A recent study based on data from the USA investigated early and late pregnancy exposures to duloxetine and found no increased risk of preterm birth, and a potentially small increased risk of SGA [17]. Because of the limited amount of available data in previous studies, the aim of the present study was to investigate the association between duloxetine exposure during pregnancy and preterm birth and SGA in a population consisting of all pregnancies from Sweden and Denmark over 12 years, with detailed information about potential confounders and various comparators.
2 Methods
This was a nationwide observational cohort study. Based on Danish and Swedish national registers, live births were identified, including information about SGA and preterm birth. Mothers exposure to antidepressants as well as potential confounders were collected.

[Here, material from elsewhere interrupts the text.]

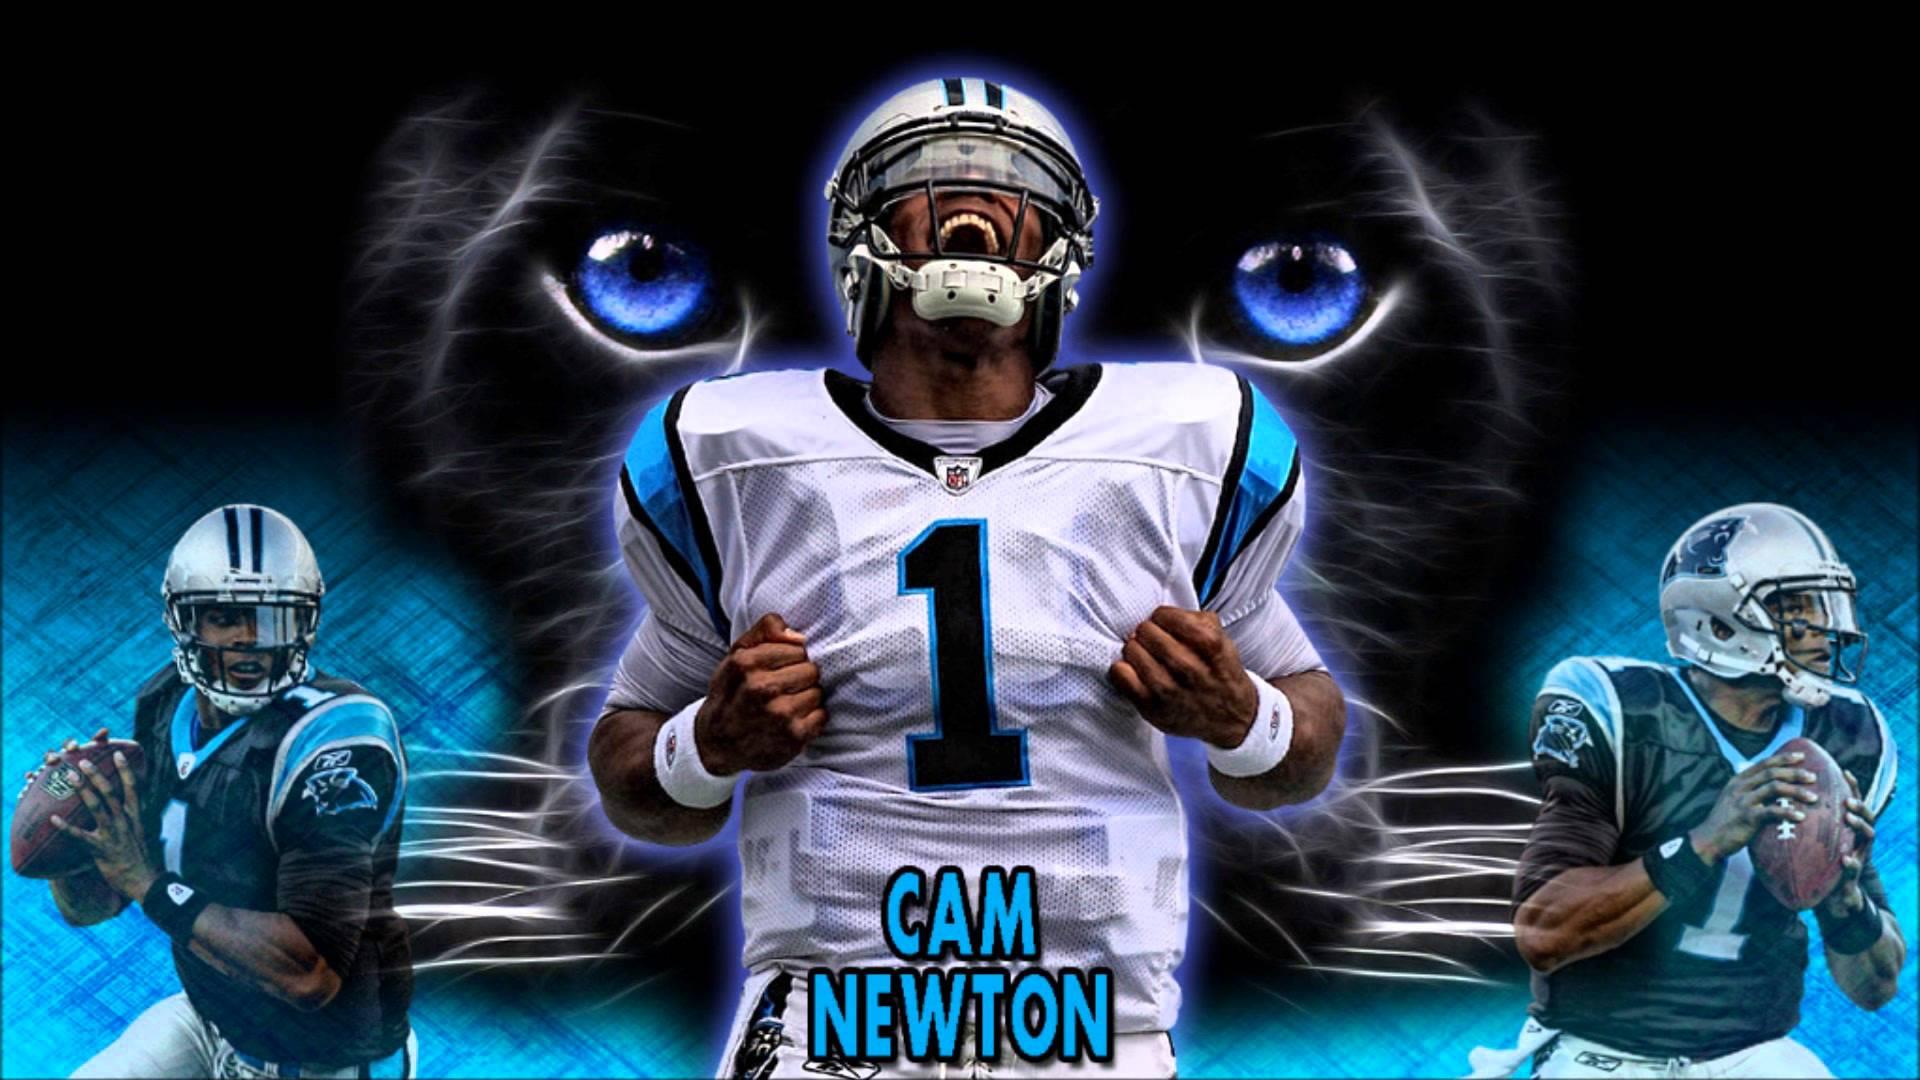 FREE NFL Cam Newton Wallpaper by youtubecom 1920x1080

The cohort consisted of all pregnancies with a registered live birth from 2004 to 2016, identified via the national Danish and Swedish medical birth registers, respectively. Exclusion criteria included mothers emigrating between 365 days prior to the last menstrual period (LMP) until 30 days post-delivery, pregnancies with a missing or implausible gestational age (before week 20 or after week 45), and missing birth weight.
Information about preterm birth and SGA was gathered from the medical birth registers. Preterm birth was defined as a live birth between the 20th and 37th week of gestation. Duration of pregnancy was based on LMP (mothers self-reported date and two subsequent ultrasounds in the first and second trimester), and date of delivery. Small for gestational age was defined as birth weight under the tenth percentiles stratified on pregnancy week and sex, and the cut-offs were calculated using the nationwide, separately for Sweden and Denmark. Analyses of SGA were stratified on diagnosis for congenital malformation (yes/no), information on which was obtained from the national patient registers between birth and 365 days postpartum.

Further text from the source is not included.